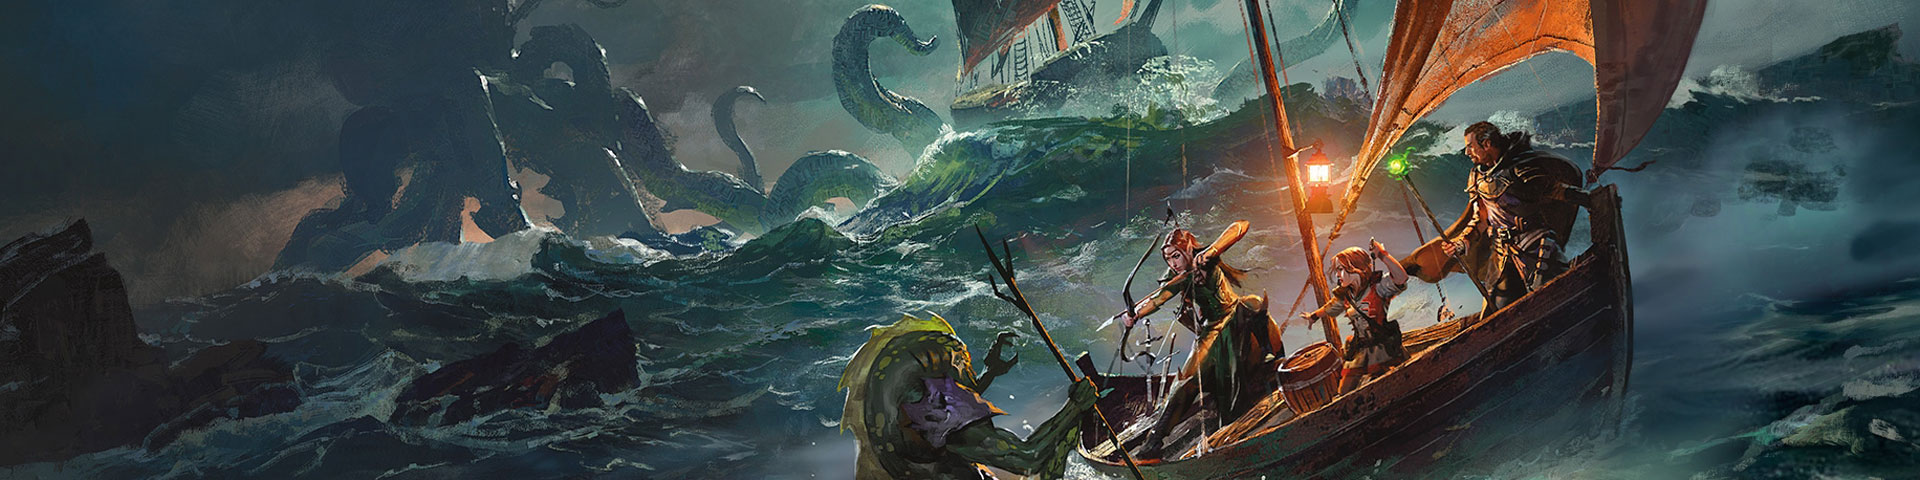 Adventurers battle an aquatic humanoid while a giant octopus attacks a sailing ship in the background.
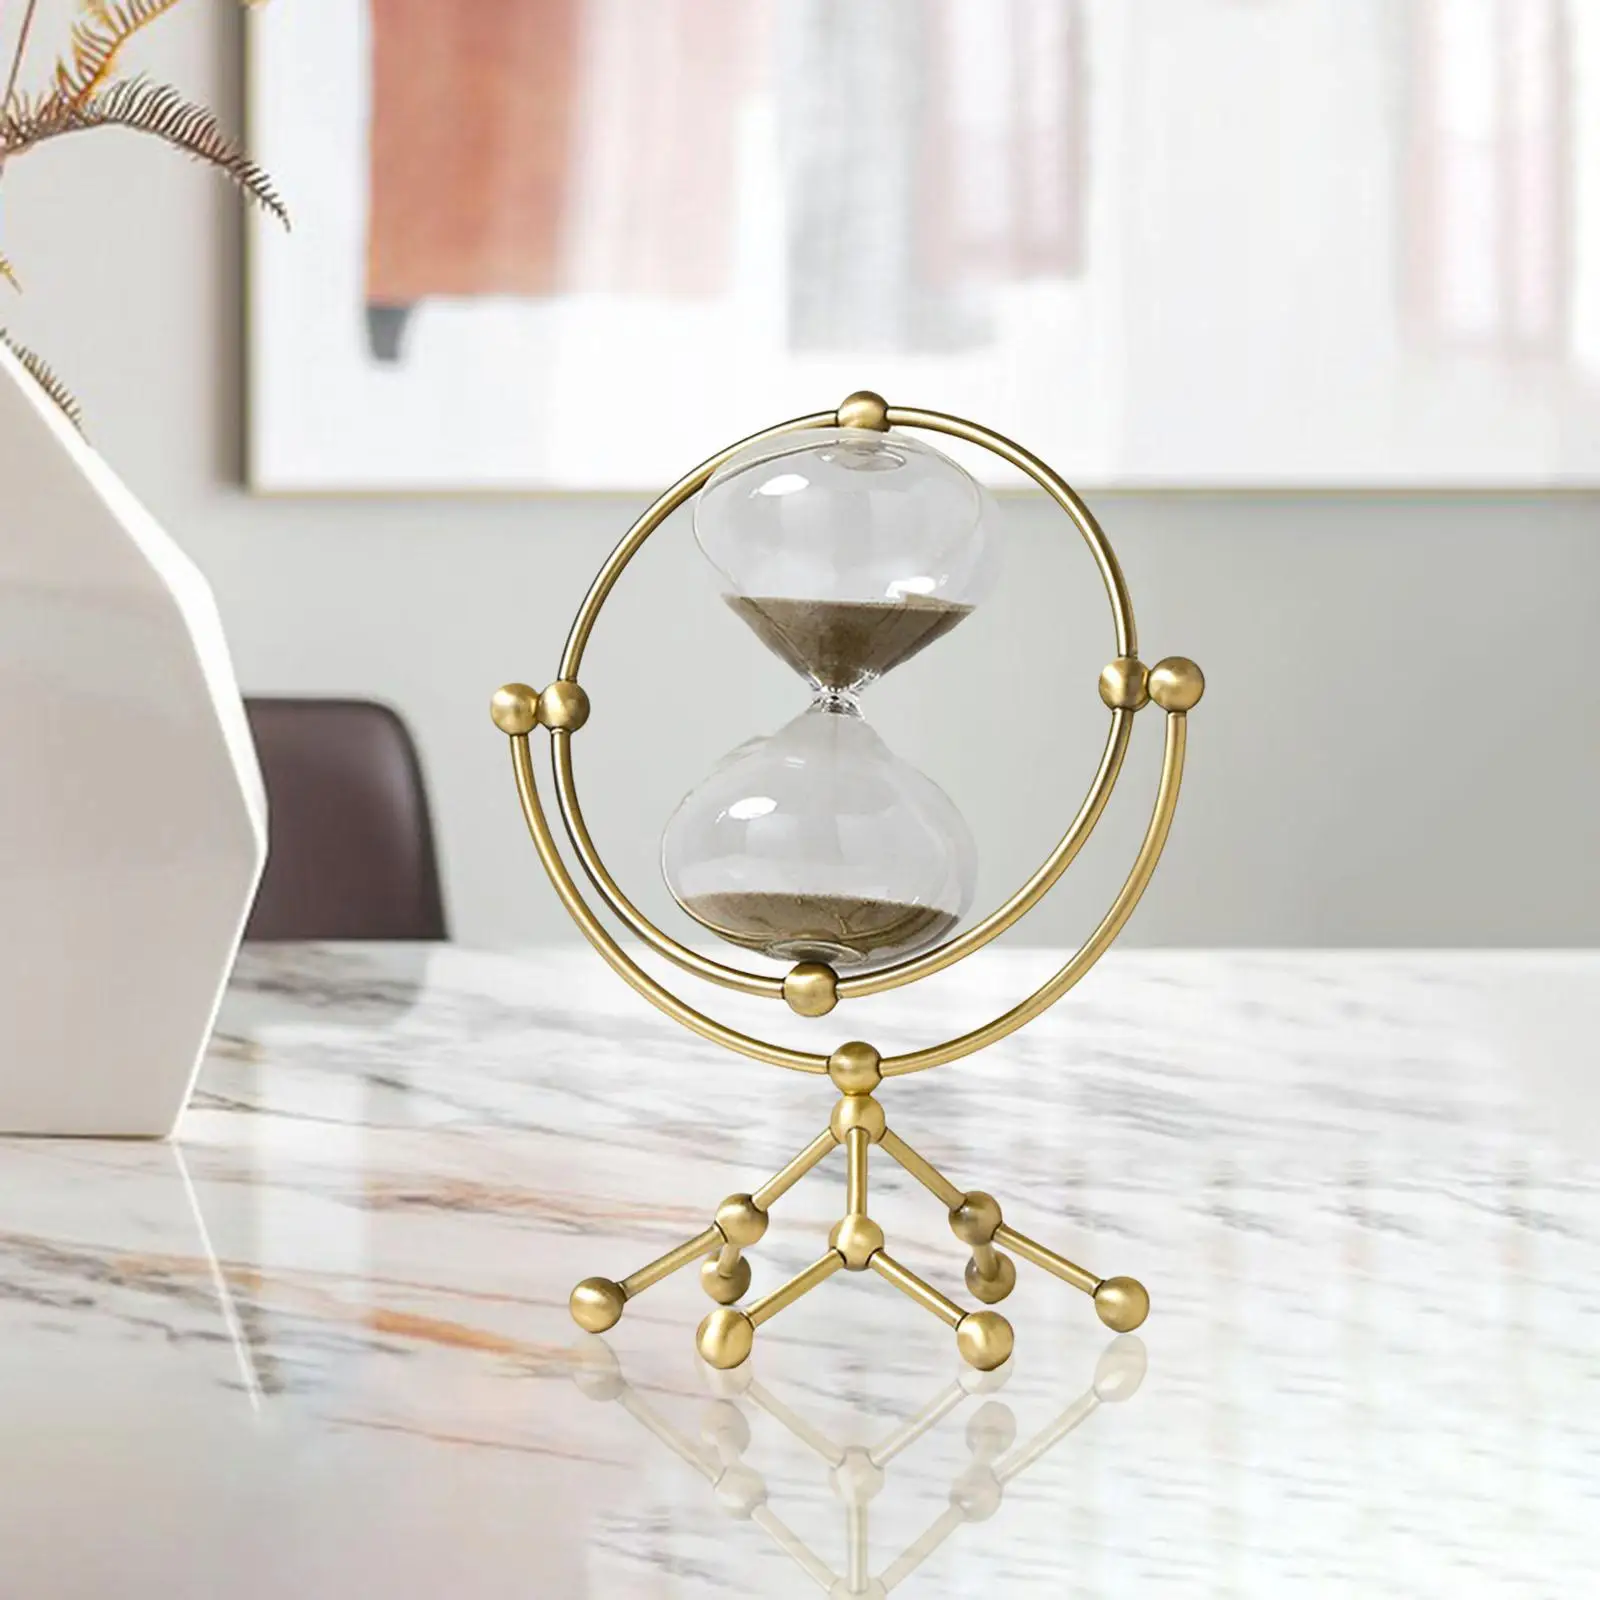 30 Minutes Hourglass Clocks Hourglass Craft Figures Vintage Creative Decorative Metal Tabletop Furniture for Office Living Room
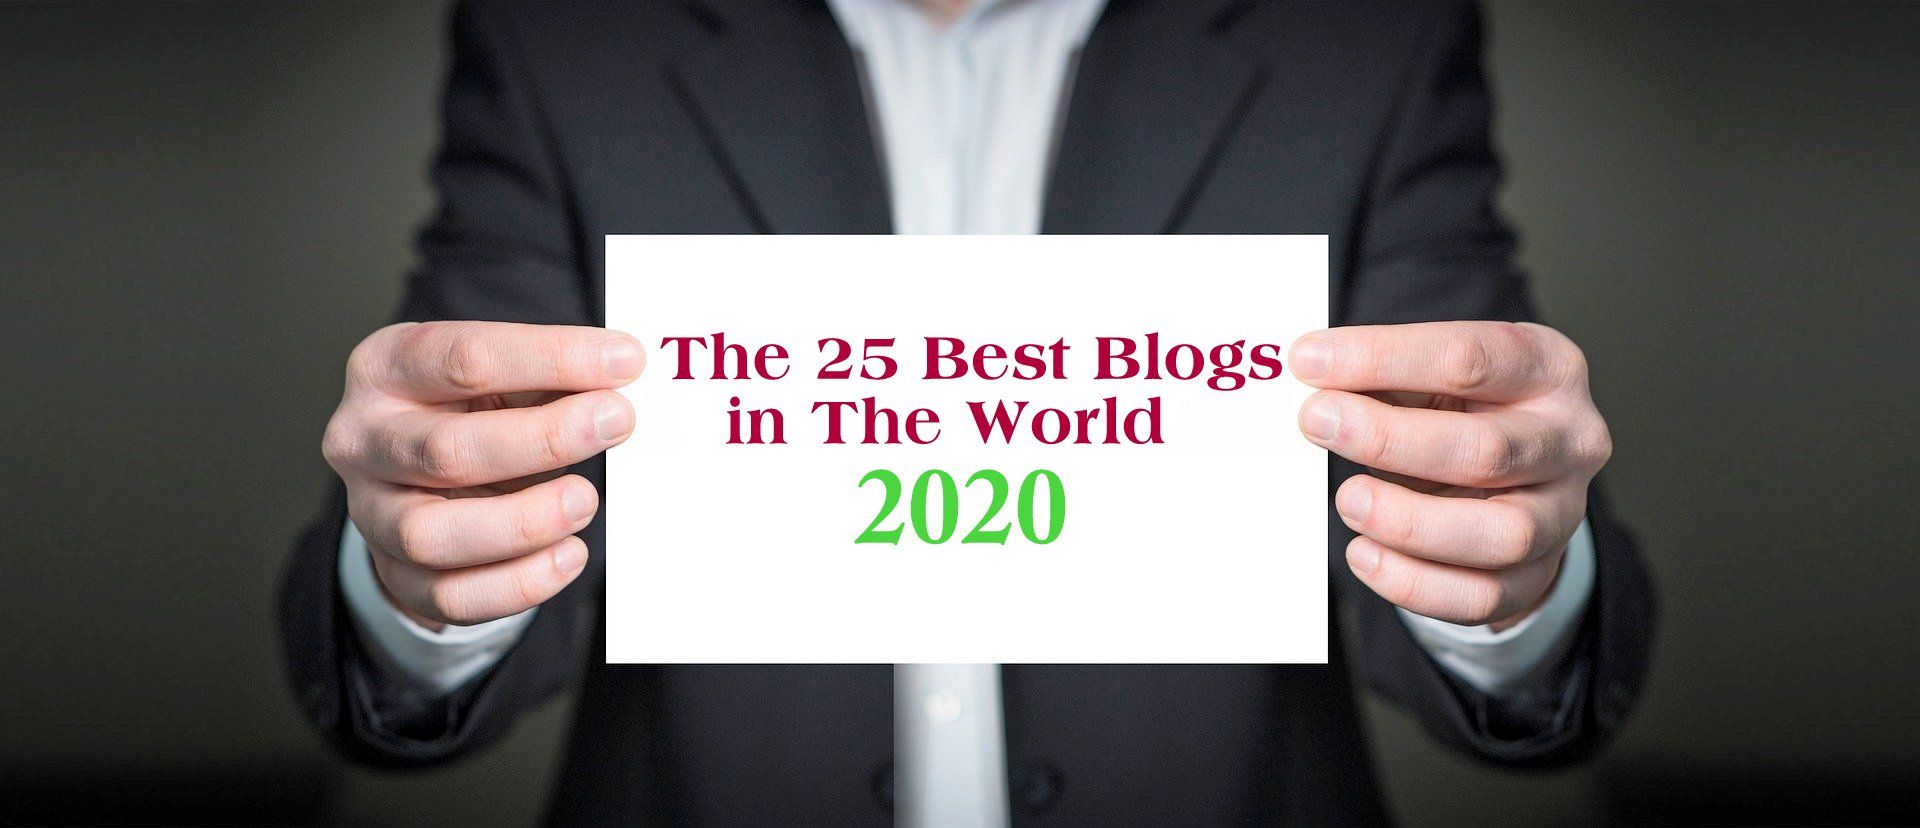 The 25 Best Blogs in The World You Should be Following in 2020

**Description of the task:** Everything in the preceding material must be transcribed exactly, except the images.

**Your response:**
 Adventurers battle an aquatic humanoid while a giant octopus attacks a sailing ship in the background.
 30 Minutes Hourglass Clocks Hourglass Craft Figures Vintage Creative Decorative Metal Tabletop Furniture for Office Living Room
 The 25 Best Blogs in The World You Should be Following in 2020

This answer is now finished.